A fixed-content storage system is one in which the data cannot be modified. HCP uses write-once, read-many (WORM) storage technology, and a variety of policies and internal processes to ensure the integrity of the stored data.

© 2015, 2019 Hitachi Vantara Corporation. All rights reserved.

Objects


HCP stores objects in a repository. Each object permanently associates data HCP receives (for example, a document, an image, or a movie) with information about that data. This information is called metadata.

© 2015, 2019 Hitachi Vantara Corporation. All rights reserved.

Namespace and tenants


An HCP repository is partitioned into namespaces. A namespace is a logical grouping of objects such that the objects in one namespace are not visible in any other namespace.

Namespaces provide a mechanism for separating the data stored for different applications. For example, one namespace could store accounts-receivable data while another stores accounts-payable data.

Namespaces are owned and managed by administrative entities called tenants.
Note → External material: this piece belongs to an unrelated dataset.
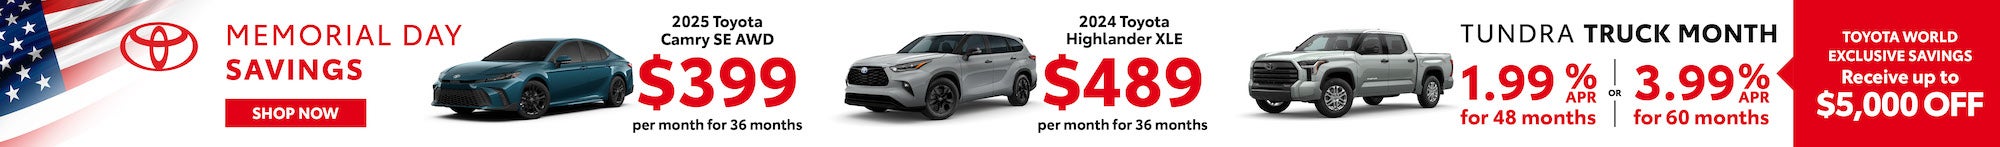 Toyota World of Clinton March 24 Lease Banner Desktop

A tenant typically corresponds to an organization, such as a company or a division or department within a company. A tenant can also correspond to an individual person.

A tenant can own multiple namespaces. However, one special tenant, named default, owns only one namespace, named default. This namespace has some different properties from other namespaces. These differences are pointed out, where applicable, in this book.

NoteWebHelp.png

Note: This book refers to all tenants except the default tenant as HCP tenants. The namespaces owned by HCP tenants are called HCP namespaces.

© 2015, 2019 Hitachi Vantara Corporation. All rights reserved.

Object metadata


HCP automatically generates metadata for each object. Some of this metadata is specific to HCP. Examples of this type of metadata are the retention setting, object creation date, and cryptographic hash value.

Objects also have POSIX metadata. POSIX is a set of standards that defines an application programming interface (API) for software designed to run under heterogeneous operating systems. These standards include specific types of metadata, such as permissions and ownership.

Users and applications can override the defaults for some HCP-specific and POSIX metadata when they add an object to a namespace. They can also change certain metadata values for existing objects.

Users can create their own custom metadata to associate additional descriptive information with an object. Custom metadata is specified as annotations, where each annotation is a discrete unit of information about the object.

Custom metadata enables the creation of self-describing objects. Future users and applications can use this metadata to understand and repurpose object content.

When added to a namespace, custom metadata becomes part of the target object. Custom metadata is typically but not necessarily formatted as XML.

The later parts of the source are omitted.